А улыбка тронула губы царя не от доброты души. Борис Федорович решил так: он сейчас в глазах московского люда защитник отечеству. Кто же может воспротивиться ему в сем устремлении? Шуйские, Мстиславские, Романовы? Тогда во мнении России они станут изменниками отечеству. Вот как дело-то он обернул. И это многие из сидящих на лавках и без слов уразумели. Те, что поумней, еще и дальше заглянули: «Сейчас против Бориса идти – такую шишку набьешь, что и втроем не обомнешь». И другая мысль вошла в головы: «А и правда ли орда идет?» «Но нет, – тут же укоротили себя строптивые, – а грамота оскольского воеводы?

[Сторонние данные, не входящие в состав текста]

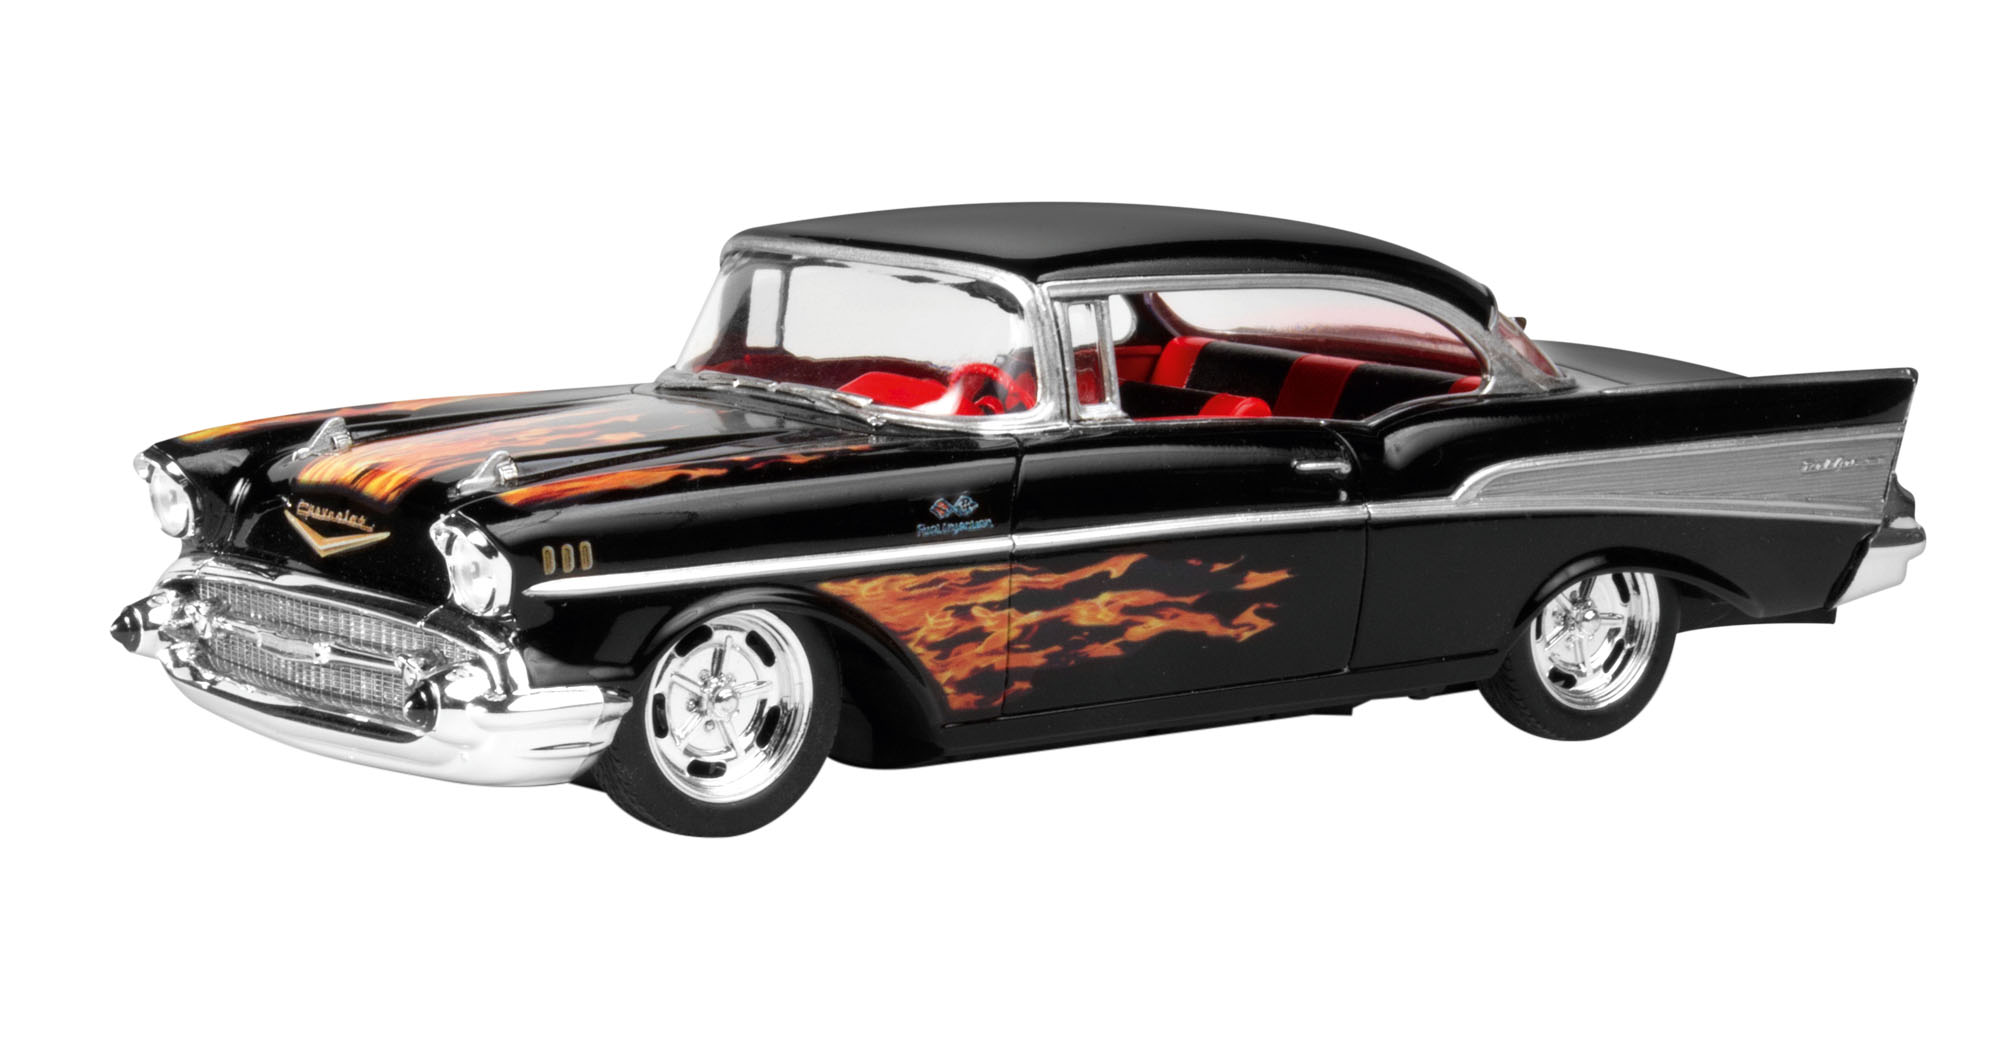 Revell 1957 Chevy Bel Air in 1:25 bouwpakket snap tite

Да и казаки передали, что пленного татарина в Москву везут. Вот-вот будет здесь… Однако к стенке припер нас Борис-то… Не взбрыкнешь». Увиделось: крикнет царь – предают-де бояре царство, – и московский люд всколыхнется. Для пожара, на Москве только и нужно, чтобы один выскочил наперед, не жалея себя, а тогда уж и пушки подкатят к Кремлю. С бояр срывать головы – народу всегда сладко. Паленым запахнет, и великое пламя вздуют. До небес. От таких мыслей многим стало нехорошо. Заерзали на лавках.
И все же верхние безмолвствовали.
Патриарх, сложив на коленях схимничьи руки, впился взглядом в царя.
Все ждали царского слова.
Борис выпрямился на троне. Наступил тот миг, когда разом надо было все определить и все расставить по местам. Промедление страшным грозило. Борис сжал подлокотники трона так, что кольца и перстни вонзились до боли в пальцы, сказал с приличествующей твердостью:
– Приговаривайте, бояре, – быть ополчению!
Темные глаза царя расширились.
Сидящие на лавках многажды слышали Бориса, когда он был правителем. И те же твердость, властность и сила были в его голосе. Уверенность была во взоре и смелость в лице. Но сейчас он сказал по-иному. Все было то же – твердость, властность, сила, уверенность, смелость, – но и еще одно услышали в его голосе: превосходство над каждым и над всеми.
Будто три покрытые алым сукном ступени, возвышавшие трон над сидящими на лавках, подняли разом Бориса так высоко, куда и заглянуть трудно, да и не дано никому из них. И это больно кольнуло в сердце многих.
По палате словно вздох пролетел, и сразу же все задвигались, а патриарх, оборотившись, взглянул на бояр.
После слов Бориса князь Мстиславский – первый в Думе – опустил голову, ковыряя что-то унизанными перстнями пальцами на поле шубы. И не великого ума был человек, но понял: так слабые не говорят. «Ишь ты, – подумал, – еще и не венчан, а головы нам гнет». Тоскливо стало ему от этой мысли, будто горькое проглотил. Он, Мстиславский, ветвь великого княжеского рода, а вот сидит и слушает худородного и по слову его поступать должен.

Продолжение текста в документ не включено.